Tales From the Can — SSS Corinthian: The Exquisite Torture Sandwich
Having gone the wrong way in January’s SSS Three Bridge Fiasco, crew Rachel Porter and I were hell bound to redeem our name in Saturday’s SSS Corinthian Race. After the start was postponed, attempted, postponed, and then went into sequence (to the applause of the racers; one radio input was, “You don’t have to apologize for doing the right thing”), the doublehanded fleets got down to business.

The doublehanded course, S–YRA 17p–YRA 16s–YRA Bob Klein (just west-northwest of Southampton Shoal)–YRA 12s–F, in doable, but sketchy winds of 8 to 12 out of 180 to 210ish. We started with a Murderers’ Row in our division: Gordie Nash, Brendan Meyer, the entire Wylie 30 fleet. PHRF 123+. A full-moon high tide at max, fittin’ to drop more than seven feet during the race. Ebb City. Deal with it.
Coming off YRA 7, tricky to get to, with the South Bay emptying toward Red Rock, offered us an interesting option. Go to the Cityfront with the crowd, pushing water in hope of reaching the Promised Land, or port toward the North Tower at 7.5+ knots upwind, in a Cal 20. We tacked a couple of times to prove our theory was working, and proceeded to a layline we thought would fetch us up east of Blackaller. Looked good; we had closed quite nicely with Arcadia and the Wylies.

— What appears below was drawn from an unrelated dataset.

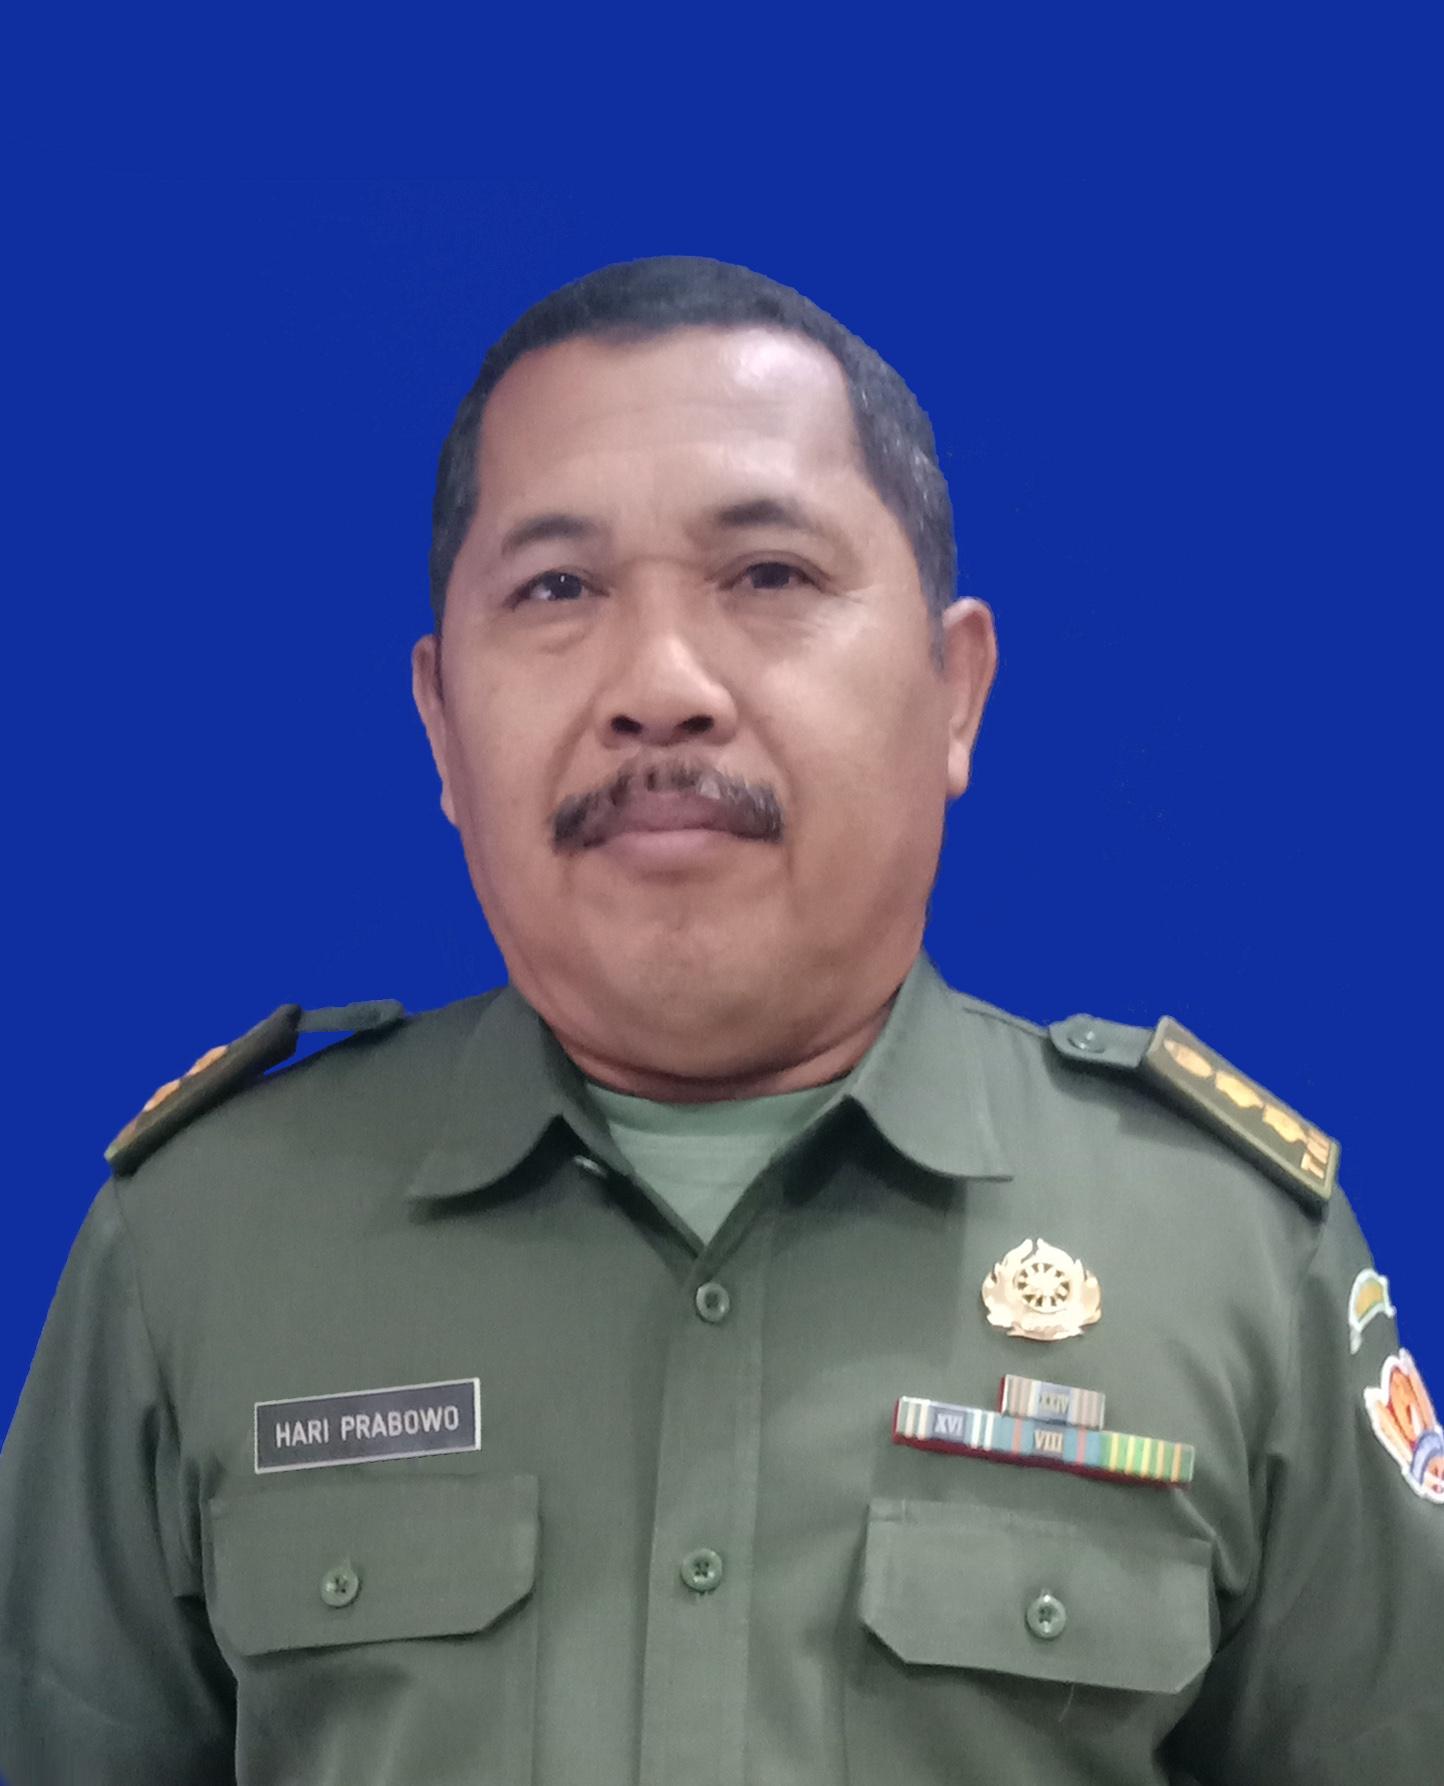 Hari Prabowo, B. Sc.

I looked to our escape plan for the next leg, as it was clear the ebb-ola was in full effect, Bonita beckoning. The spin gear would have to come around for a port-tack grind to Point Blunt. Oops! The wind pooped, and a beat turned to a reach, to a run, to a jibe set and jibe, as we oozed west toward the South Tower. Sailing in place for nearly 15 minutes(!), we bled out our third-leg brilliance, as boats came up under 16, tacked, and took our wind as they passed to weather on port. Ugly stuff.
But, we ground down Tom’s mark, tacked the kite, and pointed to Angel Island. The boats that had passed us largely drifted toward Sausalito, except for Jay McCutchen’s SH Santa Cruz 27 Surf Rat, and Gregory Towers’ up-and-coming Ranger 23 Evenstar. We oozed, and I mean oozed, toward Point Knox, where a new decision awaited. As the oozing progressed, and the SFYC RC boat Victory hove into clear view, we noted that there were no boats near her.
No E27s, who’d started half an hour before us. No Moore 24s. No DH Division A or B speedsters. Nada. They had mostly taken to Blunt. There must have been dragons lurking east of there.
So. We hit the West Garrison, jibed to Point Stuart, jibed again, and did our now-routine “rock climb” up Raccoon Strait, never straying more than 10 yards from Angel Island. Some of our companions tried Point Belvedere, and parked. Surf Rat tried the center route, and parked, as we scooted along the rocks, beaches, and points, working the shifty but consistent puffs coming over the island, punching through the hydraulics west of Ayala Cove to the big bow-wake hydraulics at AI’s north corner.
There, the tableau revealed itself. As in a Ken Burns documentary, where a pan over a still photo makes it seem as if characters are 3D, we crabbed north toward Richmond, and the some 60+ boats pointed forlornly at the Klein buoy seemed frozen in time. Some with kites up, some beating, some coming into the half-mile-long gaggle and sticking in place, like animals in a tar pit.
A few good, or lucky, sailors eked out a rounding; Pete Schoen’s Mooretician, Gordie, Julia Paxton’s Motorcycle Irene, a few others. They mostly headed back west up the Strait. The bulk stayed parked. We vectored in like Jim Lovell rendezvousing with a Gemini capsule, sometimes pointing 45 degrees north of our course, but on the express line to success. We didn’t mind getting gassed by bigs and speedies, as we blasted southwest to and through Raccoon. We even shrugged off my error of jibing too close to Little Harding in the turn to the finish and taking home a little green lipstick.
The moral of the story is, it was a very technical race, and sometimes the usual approaches to a course do not pan out. Sometimes you fall down a rabbit hole. Sometimes, persistence is the key to a good day. Fifth overall DH, and a Division first, is the proof in the pudding.

My crew told me, when she read my draft, that we actually were 4th, DH Spin Monohull, not 5th. C Cubed took first, by a lot. Shaman was 2nd. Raven was 3rd. The altitude must have gone to my head.
Hi Richard. My apologies for SR nearly colliding with CO’W after rounding Blackhaller. It was a new discovery for me that the tiller pilot struggles to hold a course with spinnaker when it’s gusty and bumpy. I am in awe at your skill with navigating the current/wind fields. You must have gained a mile on the way to Bob Klein while I floundered in the Angel Island whirlpools. Watch and learn. Thank you.